International advisory firm, Konfidants has urged the government to devise strategies to strengthen the country’s existing trade relations on the African continent to take maximum advantage of the African Continental Free Trade Area (AfCFTA).
Konfidants also advised the government to among other things address the exorbitant cost of credit and power in order to prepare the country to benefit from the free trade agreement.
In a research conducted on Ghana’s competitive potential in the AfCFTA market, Konfidants discovered that high cost of credit facilities and power, as well as unnecessary wasting of time in complying with export documentation, are factors that may derail Ghana’s ability to take advantage of the estimated three trillion-dollar AfCFTA market.
Konfidant also observed that Ghana remains a high raw material exporter with just 20 per cent of its exports being refined goods.
Analysing seven major commodities that Ghana exports and imports including agro-processed goods, cosmetics, textiles, pharmaceuticals, lubricants, plastics and metals, Konfidants ranked Ghana as being among the top 10 exporters in four out of the seven categories.
The above notwithstanding, the exorbitant cost of credit and power and the sheer wasting of time in the processing of export documents are factors Konfidant found that might negatively impact Ghana’s competitiveness in AfCFTA.
“Ghana’s current average tariff of 12.9 cents per kilowatt-hour for industrial consumers as of December 2020 is less competitive against countries such as Zimbabwe, Tanzania, Malawi, Botswana, DR Congo, Mozambique, Zambia, Ethiopia – which all had cost of power less than 10 cents per kilowatt-hour as at 2016. Worthy of note is that Ethiopia as at 2016 charged 2.4 cents per kilowatt-hour for consumers,” the report said.

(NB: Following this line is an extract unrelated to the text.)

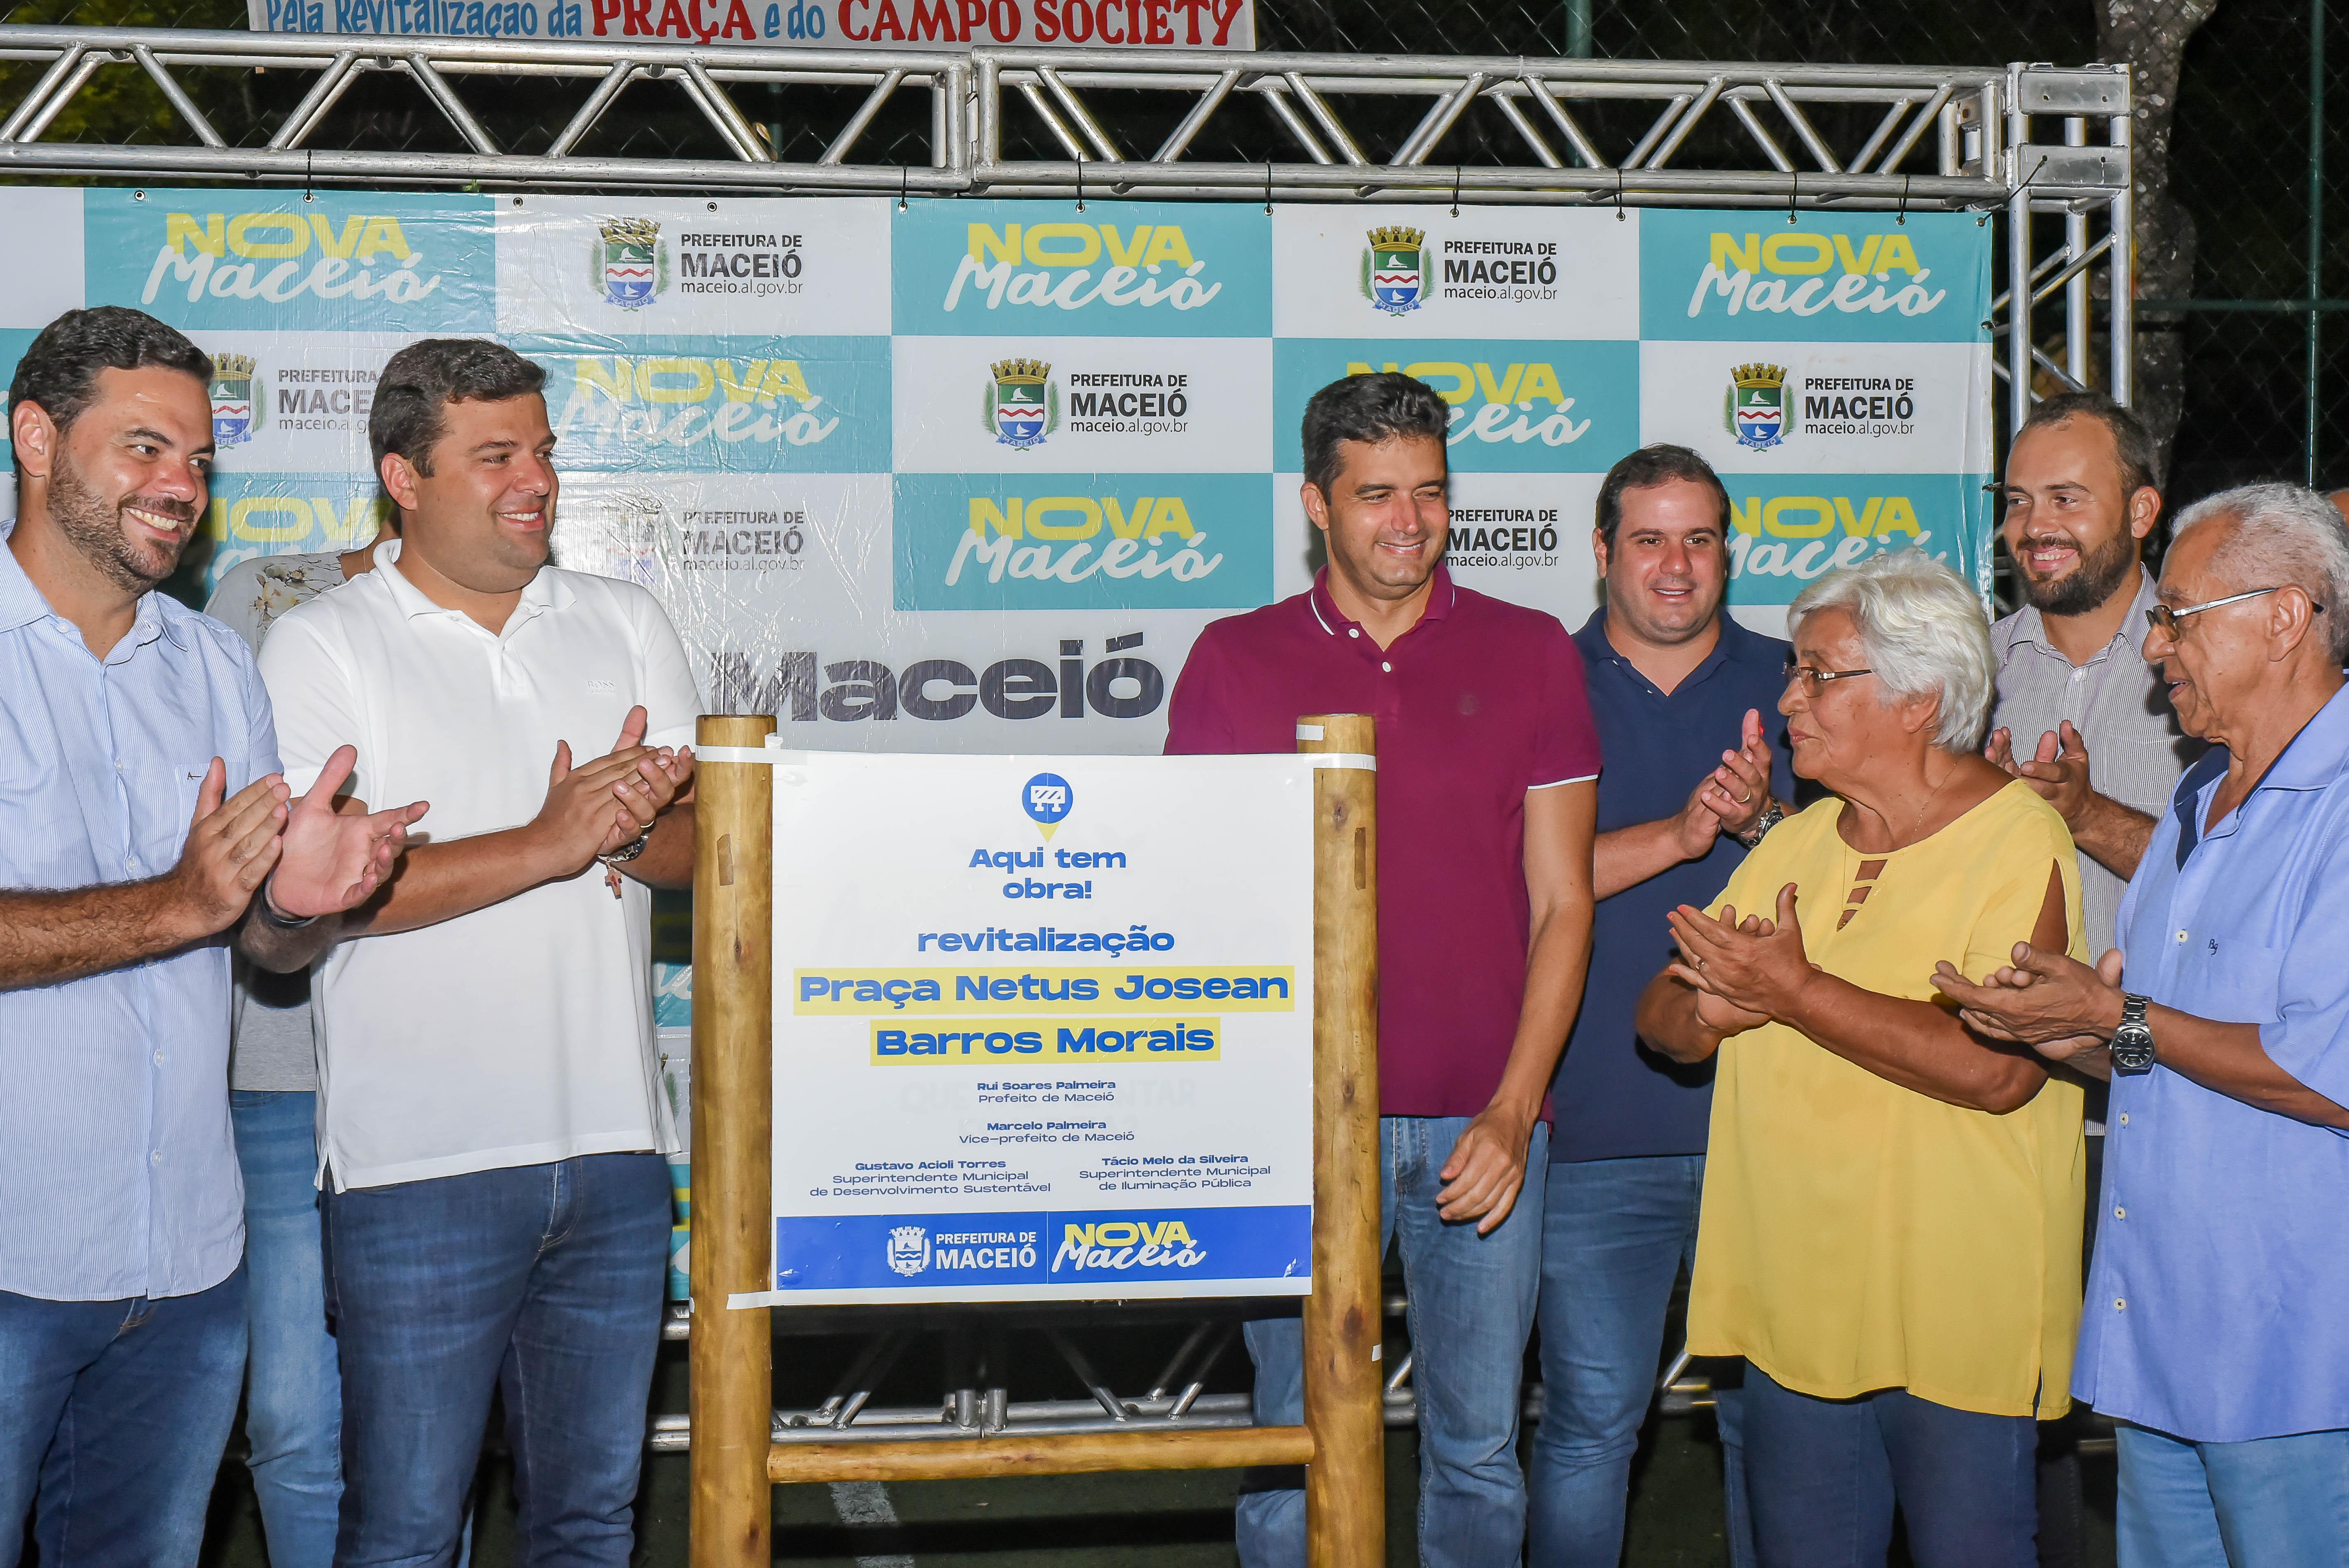 Prefeito entrega Praça revitalizada no conjunto Inocoop. Foto: Átila Vieira|Secom Maceió

On the cost of credit, the report noted that the cost of credit was Ghana’s weakest point as the country ranked at the bottom of the list when compared to the top African exporters.
The 14.5 per cent policy interest rate in Ghana as of January 2021 is double the African average of seven per cent , and also compares unfavourably to 1.5 per cent in Morocco, 3.5 per cent in South Africa, 4.5 per cent Côte d’Ivoire.

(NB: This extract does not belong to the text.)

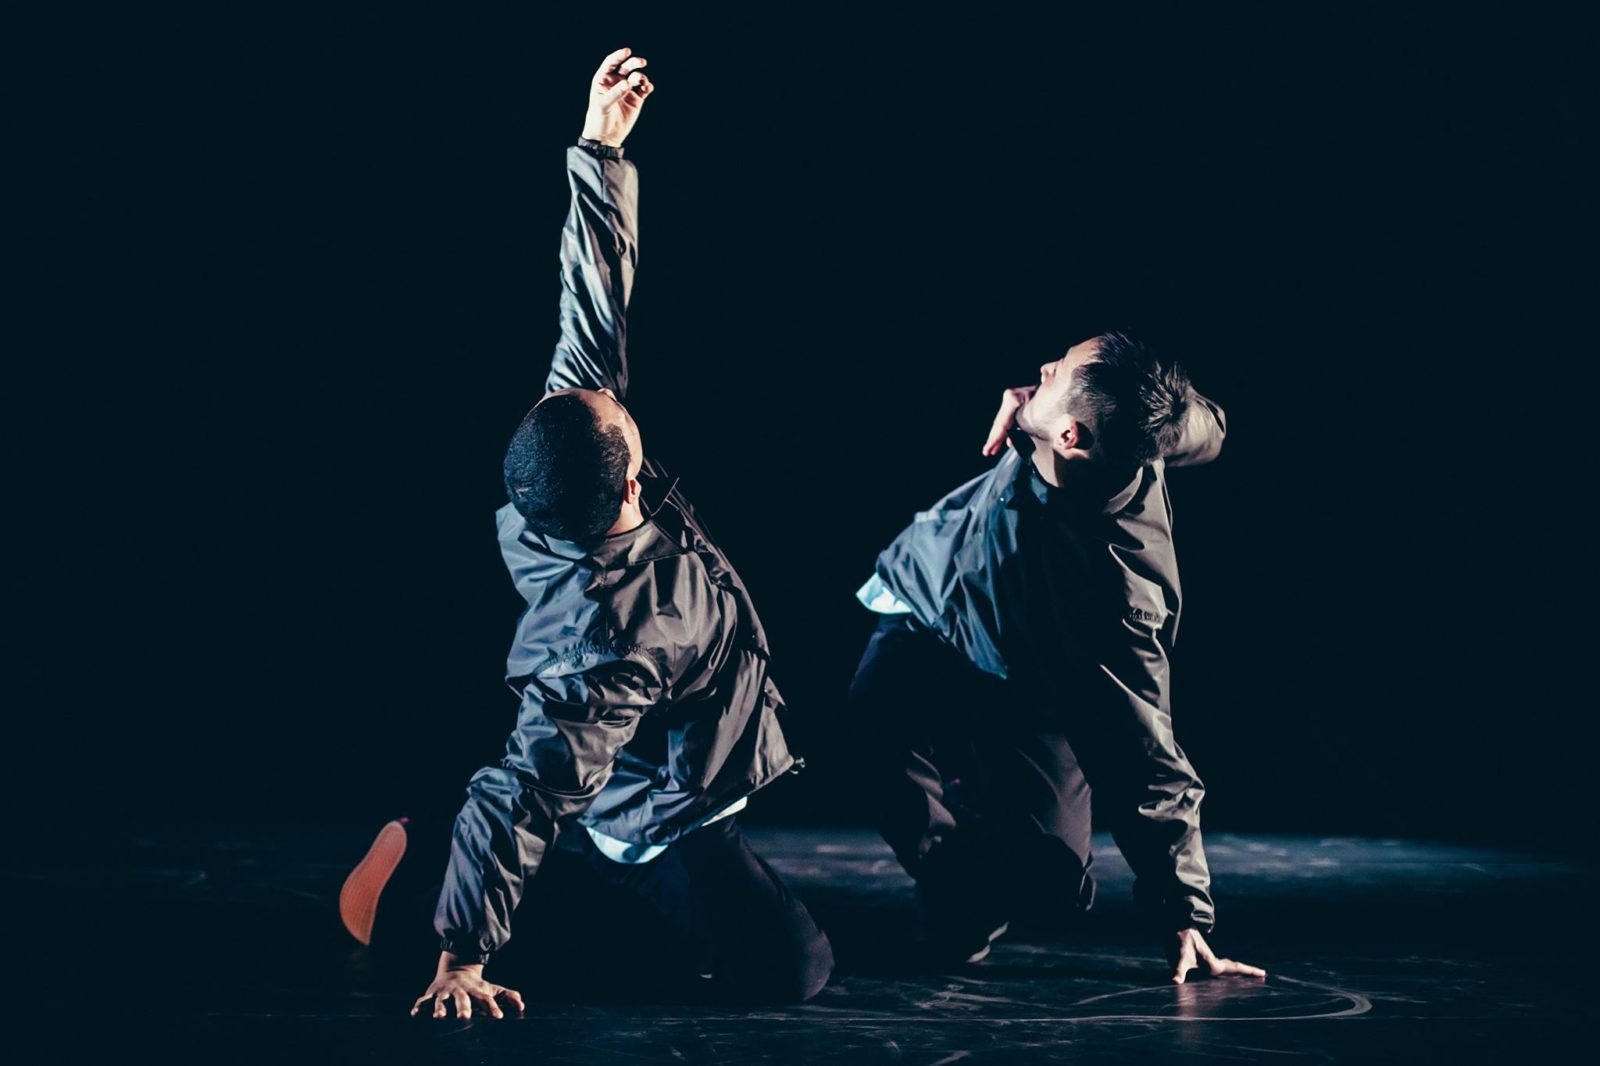 Groove'n'move, duo de danseurs du festival de danse Hip-hop à Genève

Ghana’s 15 per cent domestic credit to private sector (as a share of GDP) is one of the lowest as compared to South Africa (146.5 per cent ), Tunisia (82.4 per cent ), and Morocco (63.6 per cent ).”
The report also noted that “Ghana’s customs efficiency is not among the best in Africa even though Ghana ranks above the African average. The time efficiency of customs in Ghana is estimated at 197.3 hours compared to 40 hours in Kenya, the fastest among the frontier countries. Regarding the cost of meeting documentary and border compliance, it costs US$645 in Ghana compared to US$262.7 in Morocco, the cheapest among the frontier countries”.
Another challenge that Konfidant noted might pose challenges to Ghana’s competitiveness in the AfCFTA market is “Ghana’s poor transport and logistics connectivity to intra-Africa market”.
The report called on the government to “improve trade facilitation and logistics, ensure domestic competitiveness and protect domestic market against unfair trade practices and also prioritise innovative measures to facilitate market access by finding buyers and export intermediation for Ghanaian SMEs”.
The report dubbed: “Ghana’s competitive potential in the AfCFTA; a country competitiveness and opportunity assessment” was released on Wednesday at an event held in Accra.